In this experiment, we compared unconstrained ethanol consumption in SERT WT, HET and KO mice using both a post-prandial drinking procedure and consumption under a fixed ratio 1 schedule; compared alcohol's ability to maintain behavior in the three genotypes in two ways, by (1) using a within session progressive ratio schedule, and (2) increasing ratio values across sessions; and compared the effects of fluvoxamine, an SSRI, on ethanol-maintained behavior in the three genotypes.

Materials and methods


Twenty-four male mice were used: eight of each SERT genotype. Mice bred on a congenic C57Bl/6J background were derived from an in house colony established from breeding pairs generously provided by Dr. Dennis Murphy (NIMH) in 1999 (see Bengel et al. 1998). Mice in this colony are backcrossed (WT × KO to yield HET) every sixth generation. Male SERT KO, HET or WT used in this study came from the 23rd generation of HET × HET matings, following the third backcross. Littermates were raised and housed together in same-sex groups from weaning until the start of this experiment when they were singly housed. Mice were housed in a temperature- and humidity-controlled vivarium, and under a 12-h light/dark cycle (lights on 0600 h). Water was freely available except during experimental sessions (and as outlined below, during drinking induction). Food was limited to 2.5 g rodent chow each day. This food-restriction increased longevity, kept mice at similar weights and made development of ethanol self-administration simpler and its comparison to milk-maintained behavior possible. All procedures conducted on the mice were approved by the local institutional animal care and use committee and were in accordance with the NIH Guide for the Care and Use of Laboratory Animals.

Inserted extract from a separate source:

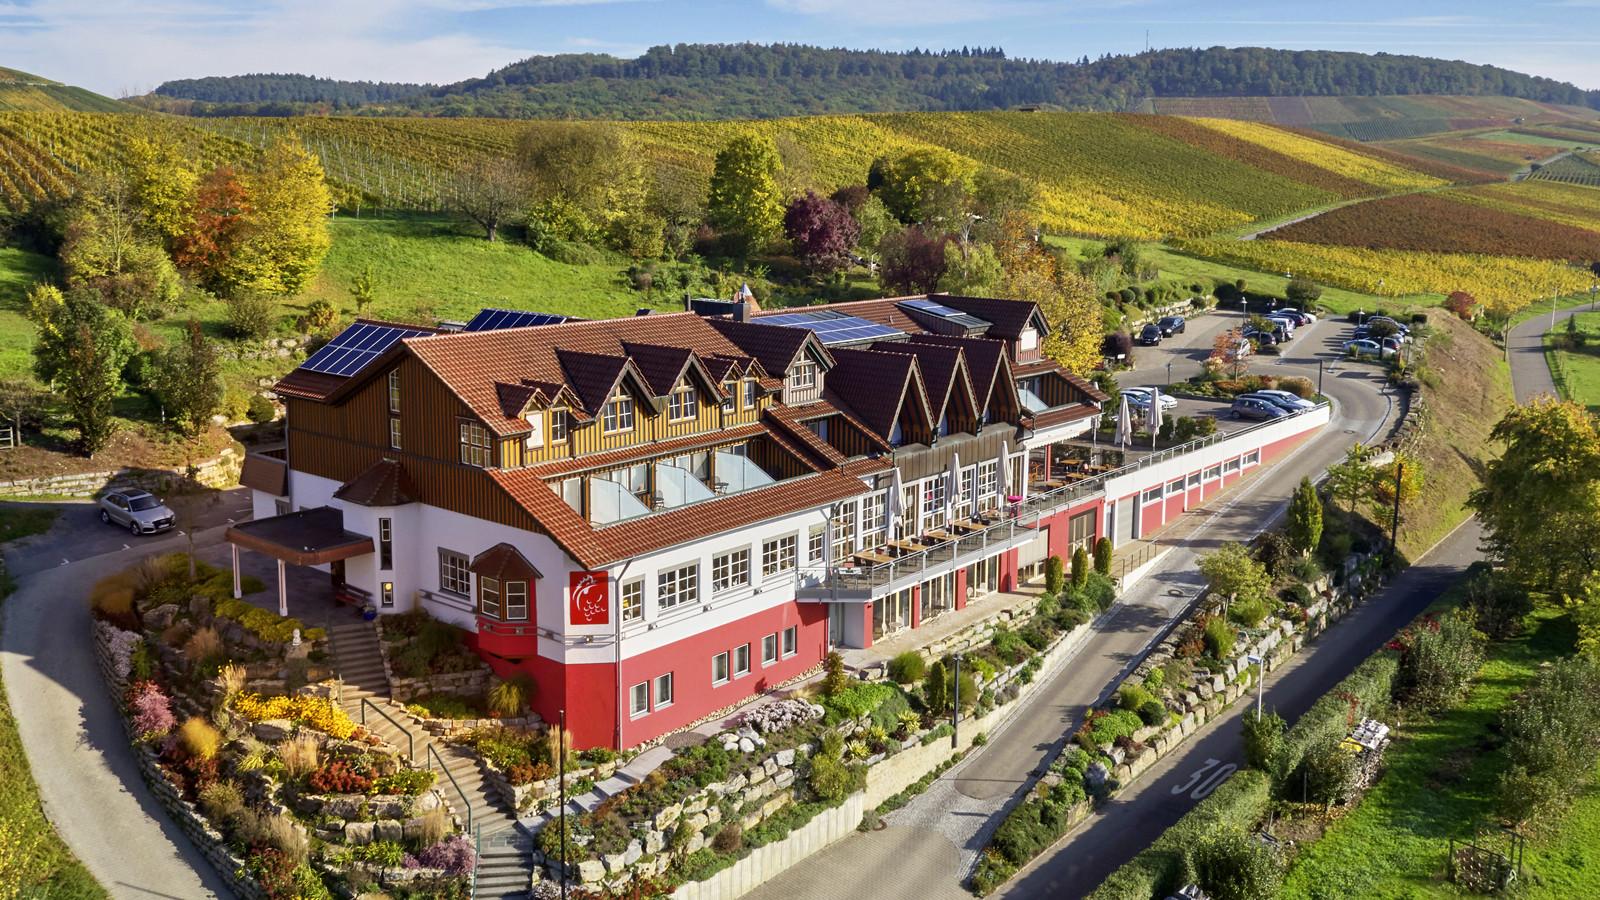 Bild 1 Hotel Gasthof WO DER HAHN KRÄHT
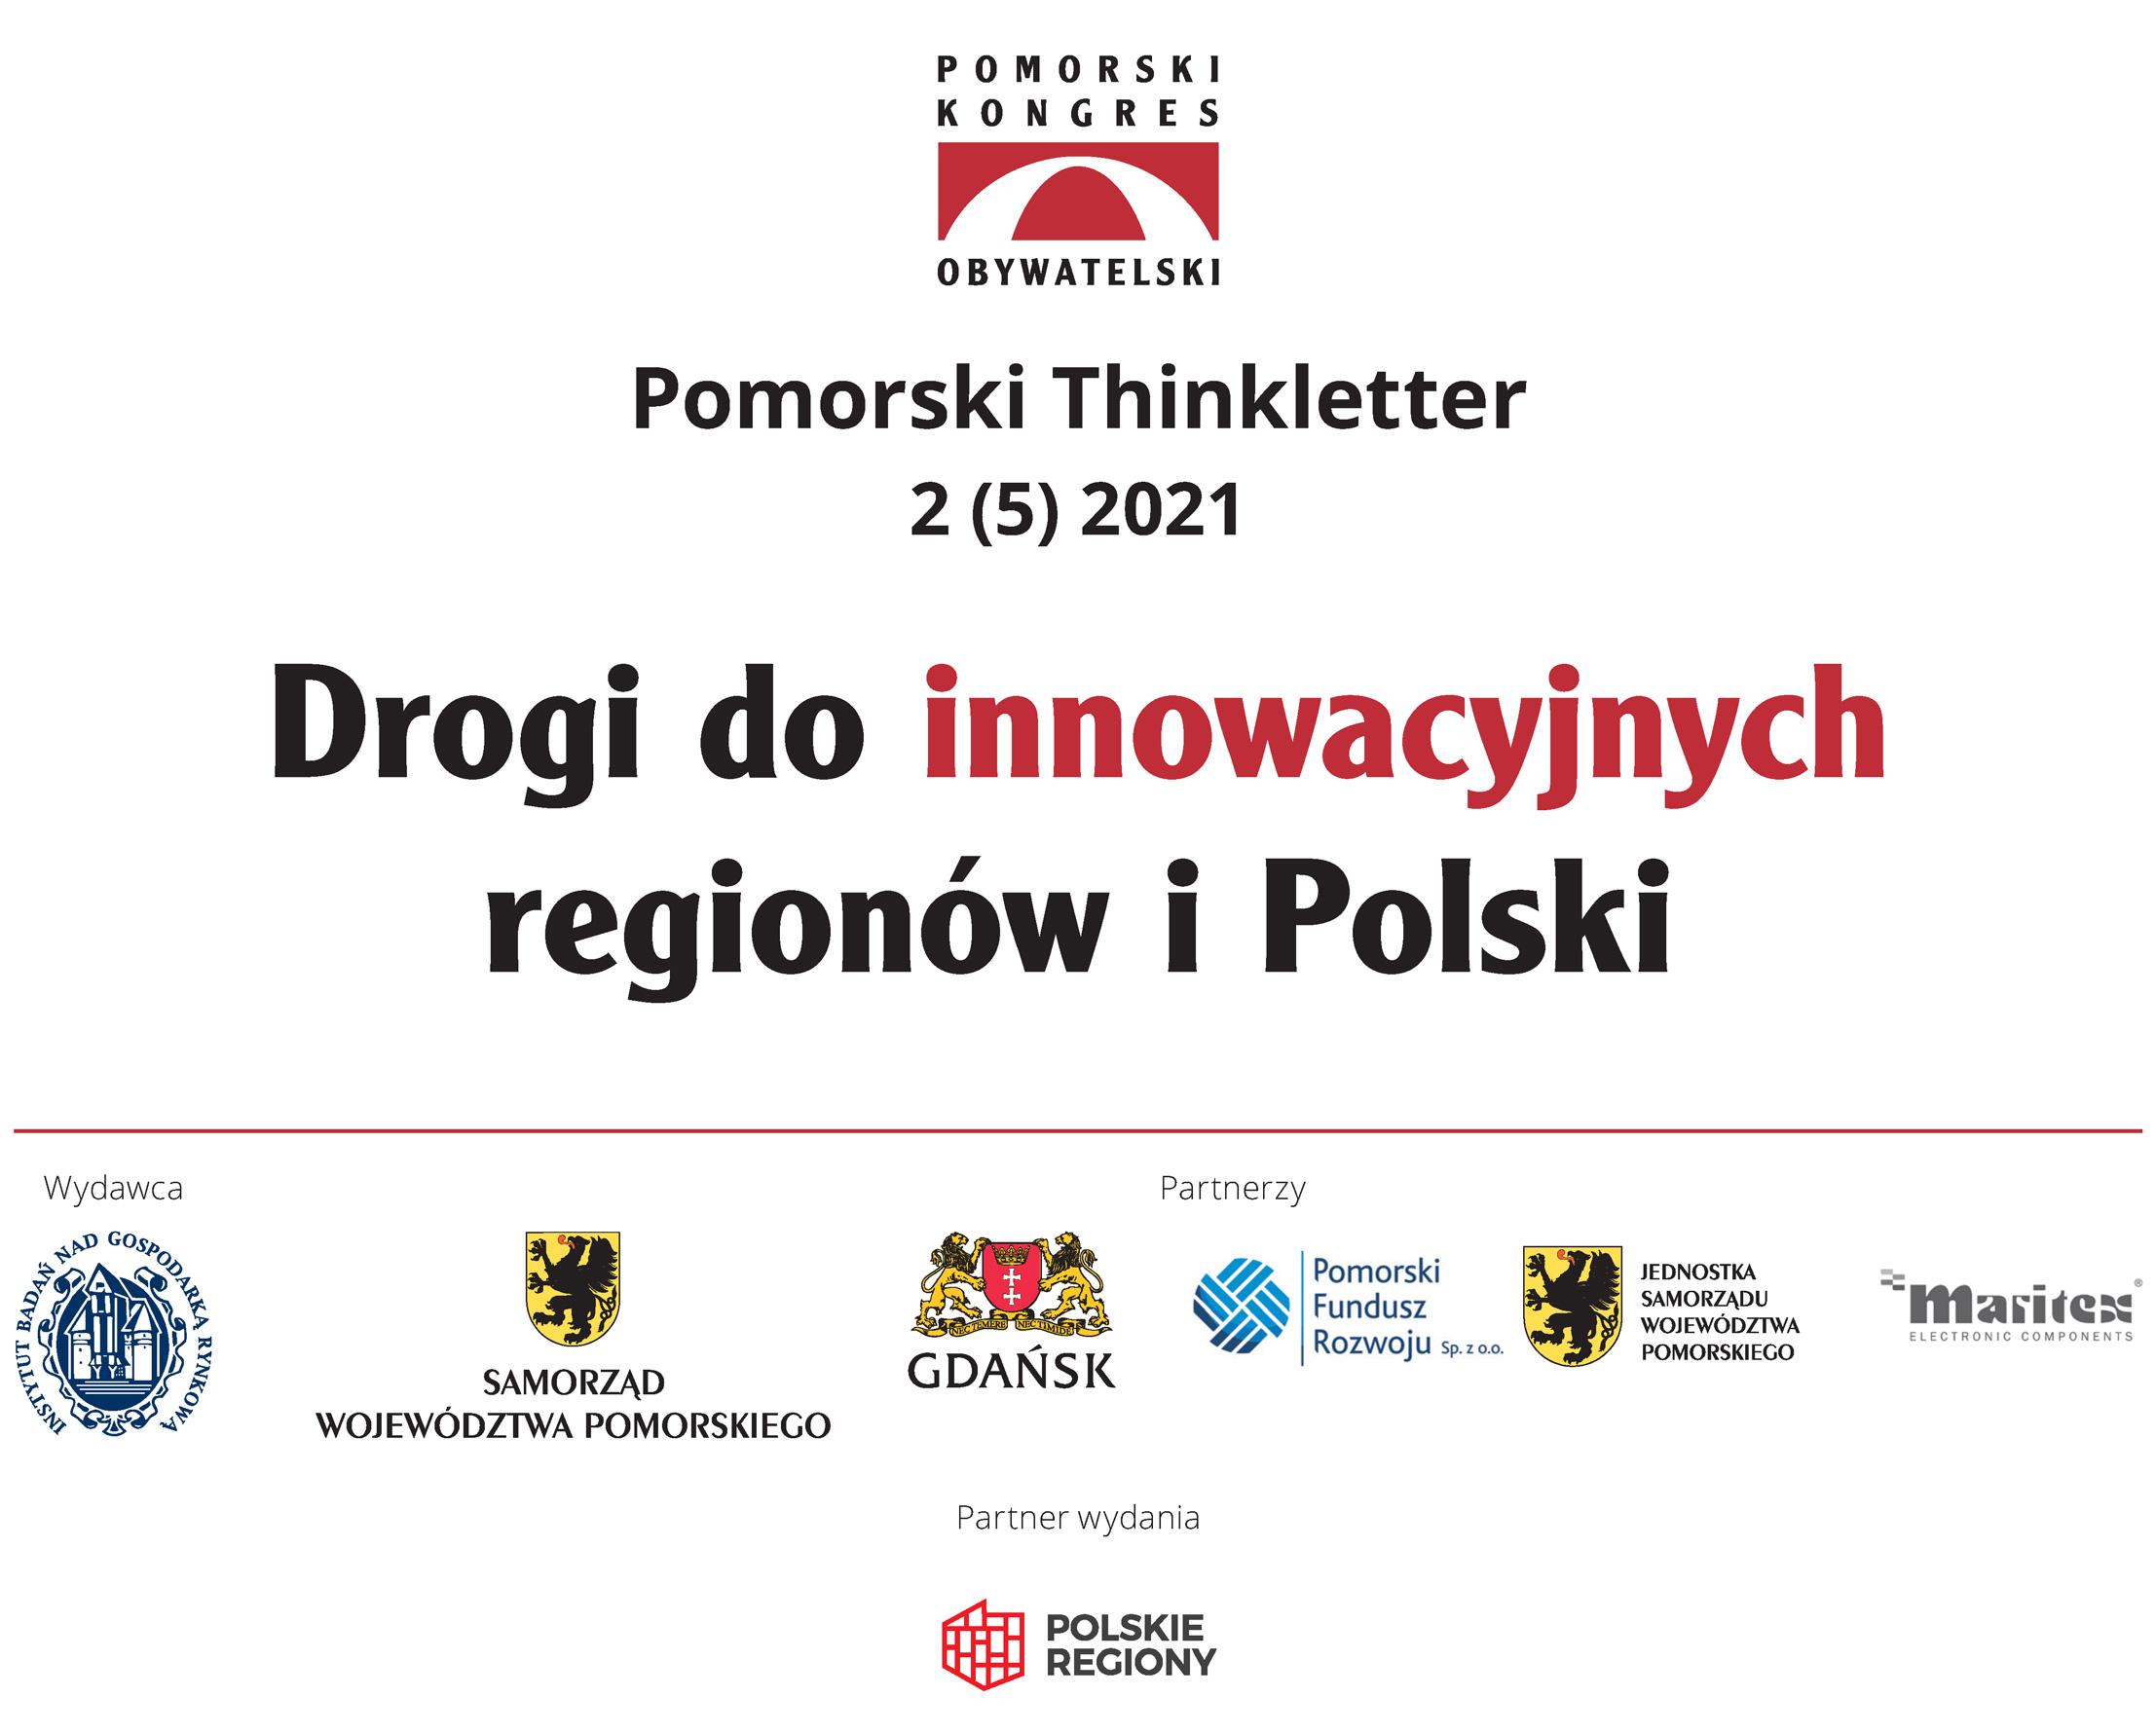 """okładka """"Drogi doinnowacyjnych regionów iPolski"""""""

These experiments were conducted in eight mouse operant chambers (Med Associates, St. Albans, VT, USA). Chambers had three head entry detectors with a yellow LED light at the rear. Two head entry detectors were located on either side of the front wall of the chamber and had dipper mechanisms. The one on the left was used in these experiments. Chambers were also equipped with a house-light. These chambers were housed inside large fan equipped sound-attenuating chambers. A white noise generator in the room provided masking noise.



Experimental sessions were conducted each weekday.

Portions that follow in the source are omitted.